I really liked seeing your black standard come in and saying hello. It looked like a "Oh hey there Taffy, thought you might need some company...no...oh..okay then.....I'll go now..." hee hee Keep em coming please!


----------



## spoospirit

Teffy said:


> :cheer2:
> 
> Wooo hoooo! Keep posting videos.
> I really liked seeing your black standard come in and saying hello. It looked like a "Oh hey there Taffy, thought you might need some company...no...oh..okay then.....I'll go now..." hee hee Keep em coming please!


_LOL...That is Grace; Dianne's gray girl. She wanted to join in the fun and Dianne couldn't video tape and hold her too so she came out to see if she could do something for treats._


----------



## whitepoodles

what a great day this was for your and your girl.. 
dont worry about screwing up.. the owner always does not the dog.. LOLOL.. things happen there is always a next time.. so enjoy .


----------



## jester's mom

Hmnmmm, wonder which dog had the best, cleanest run????? 

OHHHHH, that would be... GRACE!!!!    
Not the fastest, but a clean run without stopping.


----------



## apoodleaday

Looks like a blast! You two are moving right along. I hope you're enjoying it tremendously. Congrats to Grace and Jester's mom too!
I still pretty much look like a frog in a blender when I'm working agility with Lacey.


----------



## spoospirit

apoodleaday said:


> Looks like a blast! You two are moving right along. I hope you're enjoying it tremendously. Congrats to Grace and Jester's mom too!
> I still pretty much look like a frog in a blender when I'm working agility with Lacey.
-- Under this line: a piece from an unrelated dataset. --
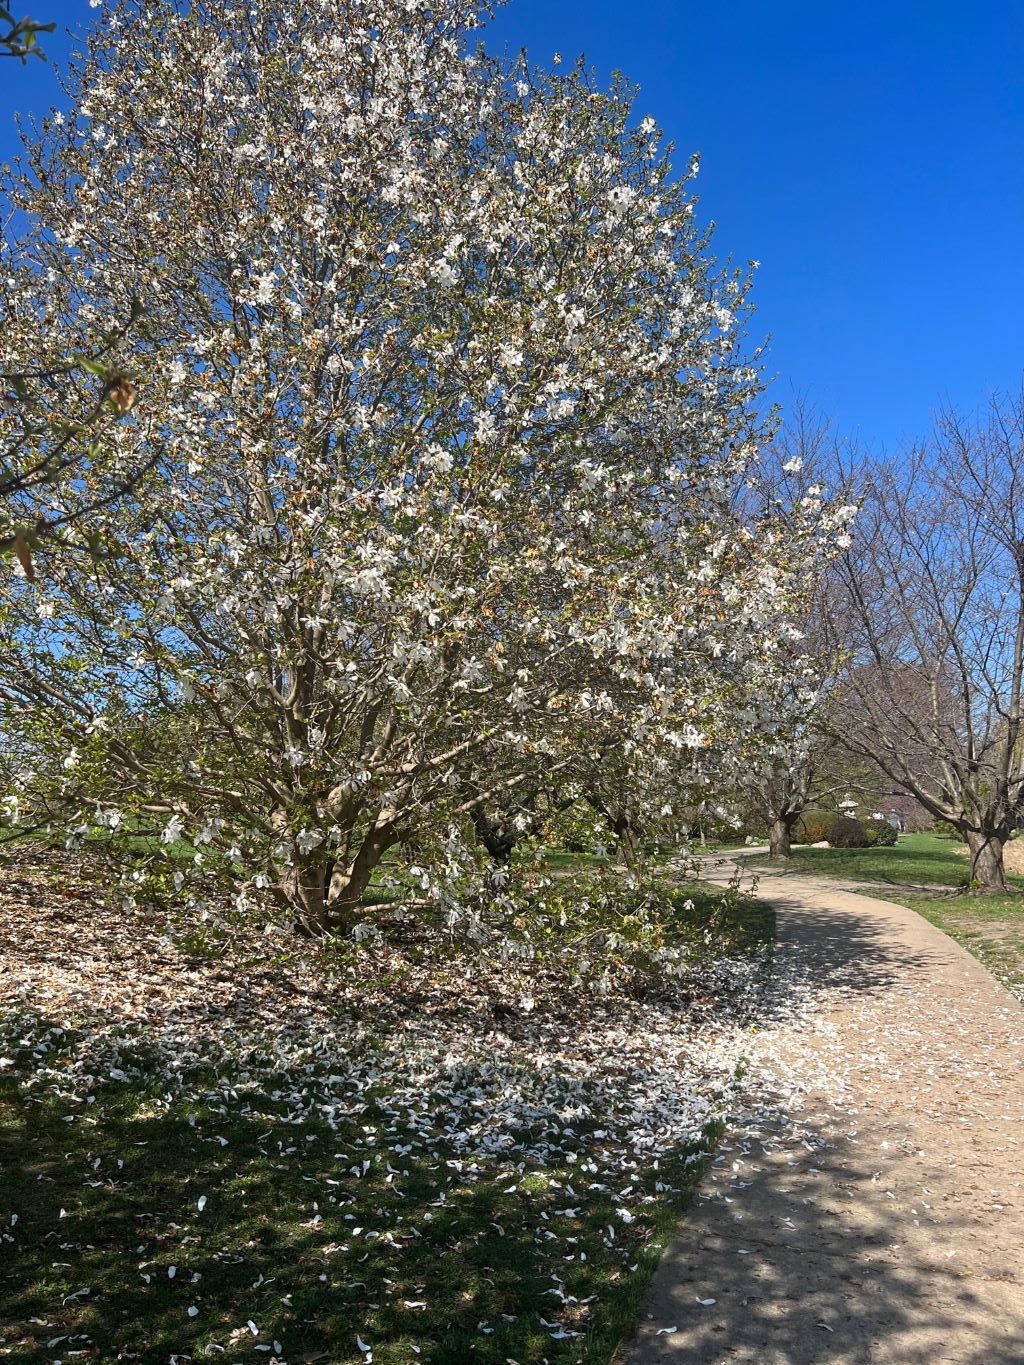 A large flowering tree with white petals. There are white petals scattered around the base of the tree, and a path that runs alongside it.

_LOL!!! It is not easy to get down the runs and the right moves to direct your dog where it needs to go. Taffy didn't mess up; I did! I know I look really silly out there doing my thing because everyone is laughing when I come back to sit down! I think it is really funny myself but I don't mind. I am having the best time I have had in years!_


----------



## ArreauStandardPoodle

YAY Taffy!!!!!! Good for you both! What a team. I have to admit, this choked me up a bit. Even though she really would rather not have gone into the tube, she did it because you asked her to and trusted you would not send her anywhere dangerous. Loved this!


----------



## Olie

spoospirit said:


> _LOL!!! It is not easy to get down the runs and the right moves to direct your dog where it needs to go. Taffy didn't mess up; I did! I know I look really silly out there doing my thing because everyone is laughing when I come back to sit down! I think it is really funny myself but I don't mind. *I am having the best time I have had in years!*_


Spoospirit, I am impressed first of all!! The loyalty Taffy has to you is clear. She went and did everything you asked without fail. I was so excited when I seen this! I love agility and I am very much a newbie playing around with it. I like how they left you run the entire course too! COOL! 

I am happy for you. Your dogs make you come alive, and it shows. 

I'd say you looked pretty darn good too BTW!!!!


----------



## spoospirit

Olie said:


> Spoospirit, I am impressed first of all!! The loyalty Taffy has to you is clear. She went and did everything you asked without fail. I was so excited when I seen this! I love agility and I am very much a newbie playing around with it. I like how they left you run the entire course too! COOL!
> 
> I am happy for you. Your dogs make you come alive, and it shows.
> 
> I'd say you looked pretty darn good too BTW!!!!


_Thank you so much, Olie!! She is very much attached to me and tries her best to understand and please me. What a great temperament she has.

I happy to hear you are playing around with it too. It is, as they say, very addicting once you get started.

LOL....I look a bit like an older lady but am starting to feel like a younger one again thanks to all of the running around I have to do now!!
_


----------



## SECRETO

Thats so great that Taffy is working well with you at agility. You both did great!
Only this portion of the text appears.